Even if your dremel-fu is strong, practice is a good idea. Also, you may find that you like making shrouds from sink tubes... make a graph paper sketch/guide and line it up/tape it to your sink tube.

Since you mentioned the big yellow box, their pvc grip section ideas are cool for first sabers. PVC is easy to work with and very forgiving :)

bullvinne
06-04-2009, 06:05 AM
speaking of Dremel-fu, has anyone tried adding a recessed lip to the edge of a sinktube? What I am wanting to do is add a bronze sinktube insert into a chrome sinktube that will then slide over an MHS bladeholder.

If that does not make any sense, let me know and I will attempt to make a quicky drawing of it in paint and post it.

Sairon
06-04-2009, 06:18 AM
Do you mean like stacking the peices inside each other like on obi-dars enigma saber?

bullvinne
06-04-2009, 06:31 AM
EDIT: ah just got a look at his saber, no that is not what I am going for. I will get a basic MS Paint drawing up and post it in a few.

EDIT2: Ok here is a quick diagram, hopefully it conveys what I mean. Let me know if you are still confused

http://i41.tinypic.com/nn9wsn.jpg

Thaxos
06-04-2009, 07:01 AM
That depends on how far off he drills his hole....trust me, I know from experience! ;)

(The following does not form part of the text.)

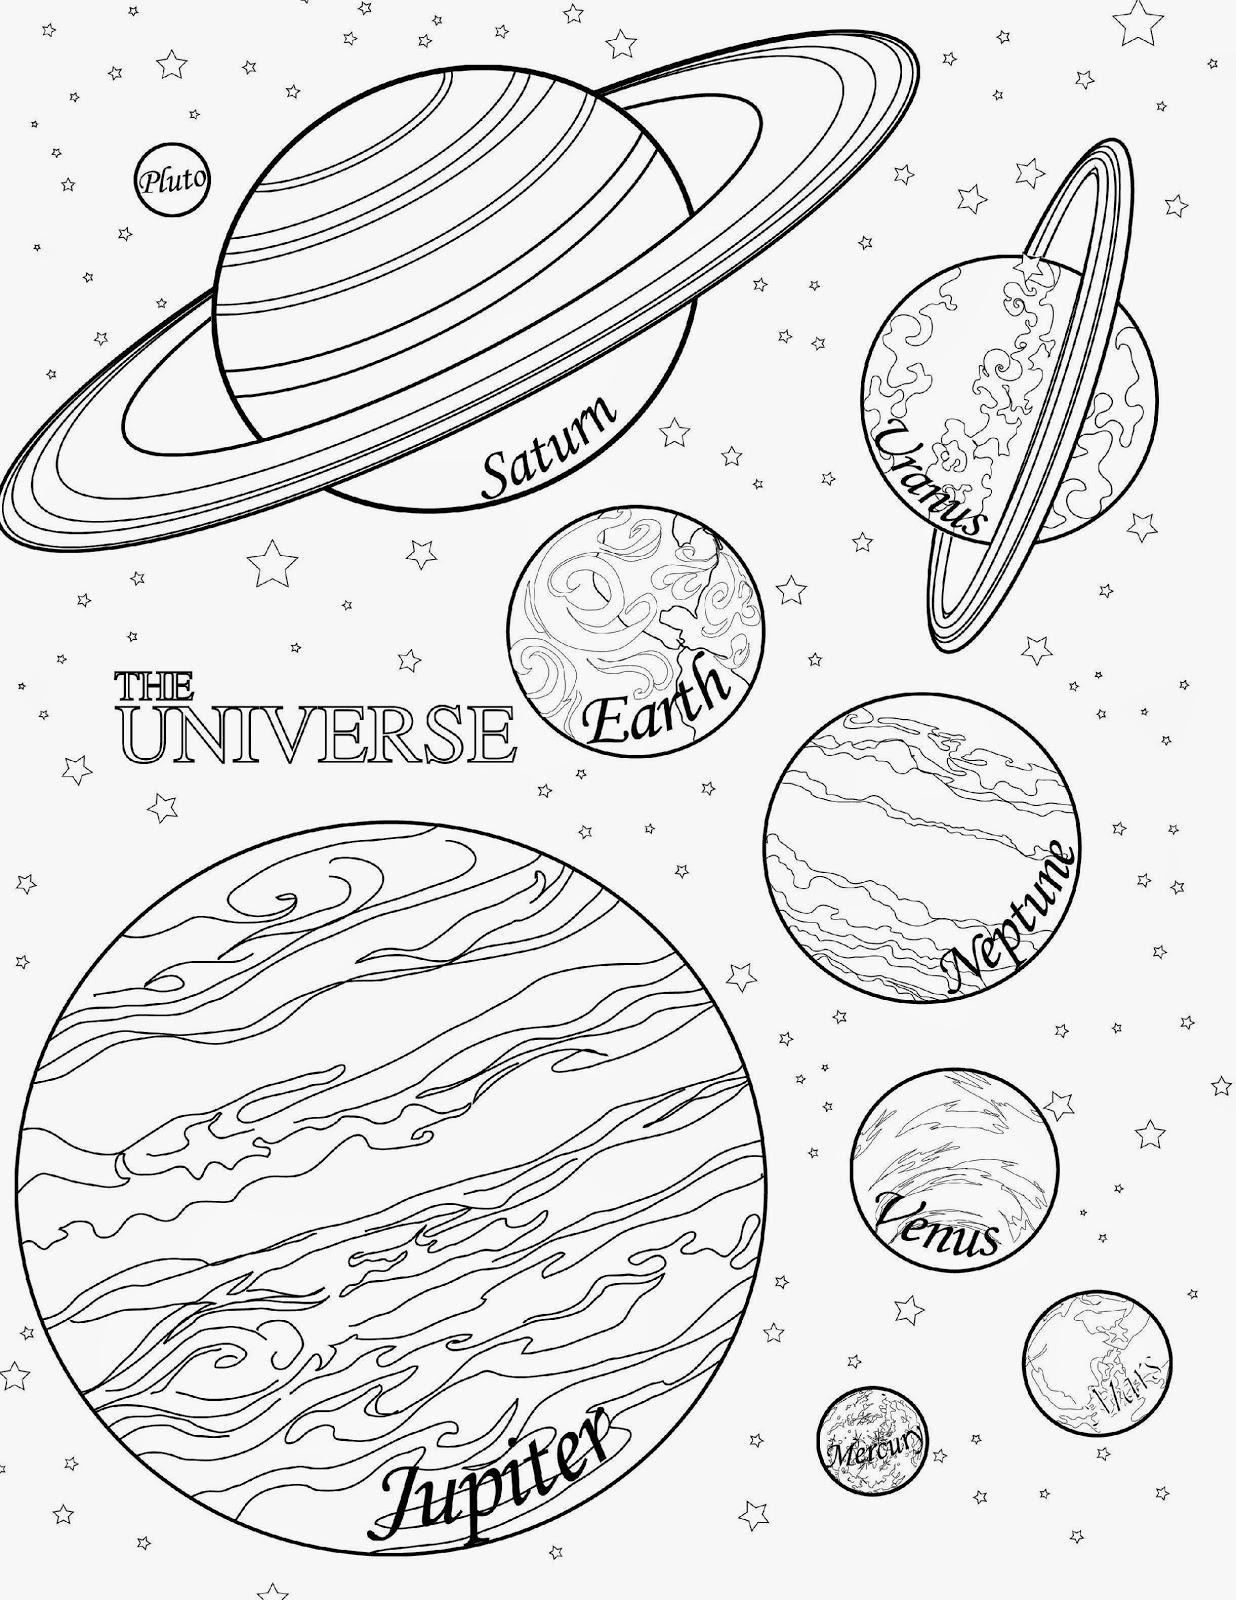 Venus Planet Coloring Pages Printable Sketch Coloring Page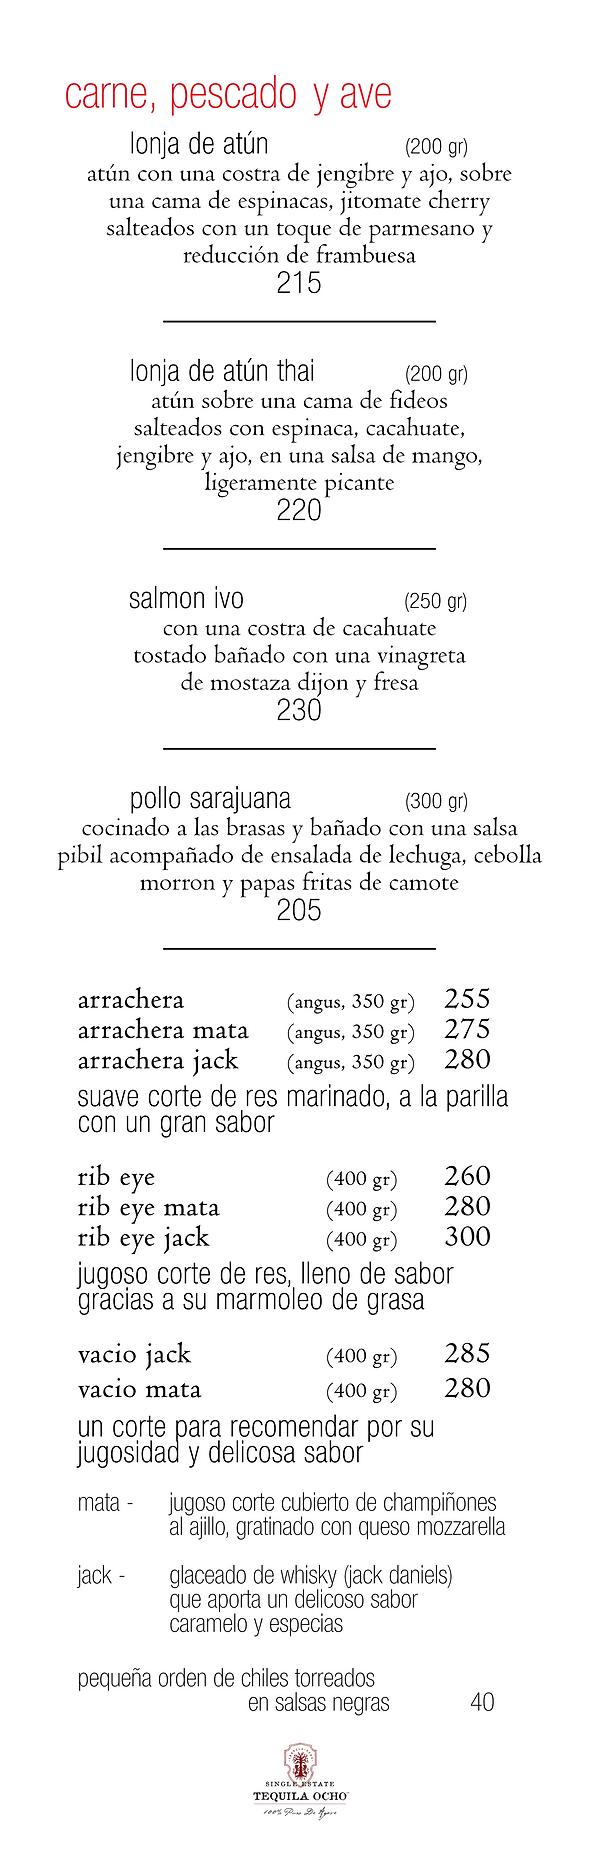 Page-6-Carne-Pescado.jpg.png

Well mine was off by about 1/8th of a turn. But I decided instead of the covertec clip and the retention screw being aligned, they be perpendicular. It worked too.

Sairon
06-04-2009, 03:19 PM
EDIT: ah just got a look at his saber, no that is not what I am going for. I will get a basic MS Paint drawing up and post it in a few.

EDIT2: Ok here is a quick diagram, hopefully it conveys what I mean. Let me know if you are still confused

http://i41.tinypic.com/nn9wsn.jpg

Yeah I think it's possible, you could use some jb weld to stick the two pieces together. Only you would just cut out the windo and glue the other piece underneath, there is no need for the lip.